The initial project is to install and operate 12 CemTowers in Saudi Arabia with a total production capacity of approx. 2.1 million MT/year or approx. 10% of the market for SCM at 35% substitution. Our JV Partner is interested in rolling out the production and product in all the GCC countries, which we are willing to explore.
We have a full Business Plan and 10-year budget, which can be shared with a signed NDA.
Why Saudi Arabia?
Why Saudi Arabia?:
Saudi Arabia is a leading G20 Nation Proud to be contributing
- 1st in population growth rate among G20 over the next 5 years
- Overall, 48% of the GCC economy
- 18th largest economy in the world
- 2nd largest GDP per capital amongst G20
Saudi Arabia is rich in clay resources and has an extraordinary demand for SCM with the Vision 2030 environmental goals.
Next Generation SCM is partnering with a listed, local cement company to produce calcined clay. Details will be public later in 2024.
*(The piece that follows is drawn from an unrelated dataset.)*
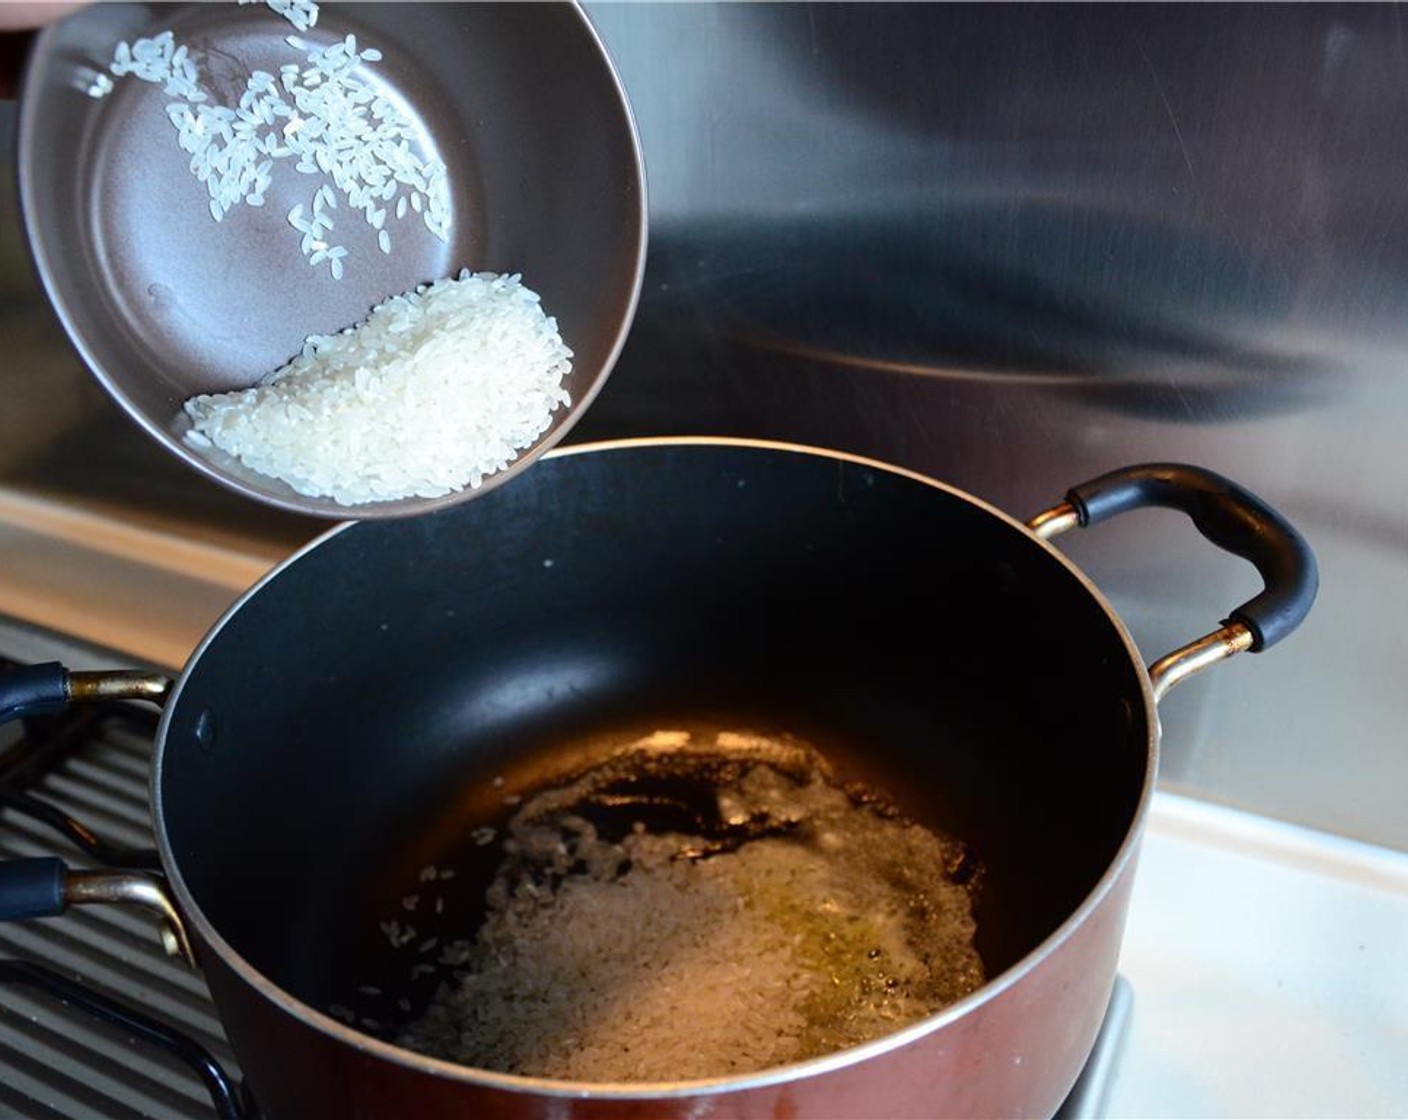 step 1 Melt the Unsalted Butter (1 Tbsp) in a large pot and sauté the Short Grain White Rice (1/2 cup) for a minute.

Next Up: 15 further territories
Our exclusive territories stretch across Northern Africa and The Middle East and we have an option for further territories. We are specifically looking to go where there is a combination of an individually strong local market, paired with the strategic locations for exports (to Europe and Sub-Saharan Africa). This creates an optimal space for creating hubs of sustainable calcined clay production plants.
With our Saudi Arabian JV partner, we will likely explore the rest of the GCC and we are in talks to explore Morocco, Turkey, Greece, Egypt and US with another major listed European Cement company.
Funding needs
In our base case budget, we are projecting to need a total funding of US$200 million over 7 years, however the business will generate a significant return and therefore we estimate, that US$40 million will be sufficient to ignite the returns to the extent that the business will be self financed as well as to cover initial working capital.
The funding can be equity, debt, a revolving credit facility or a combination of equity and debt.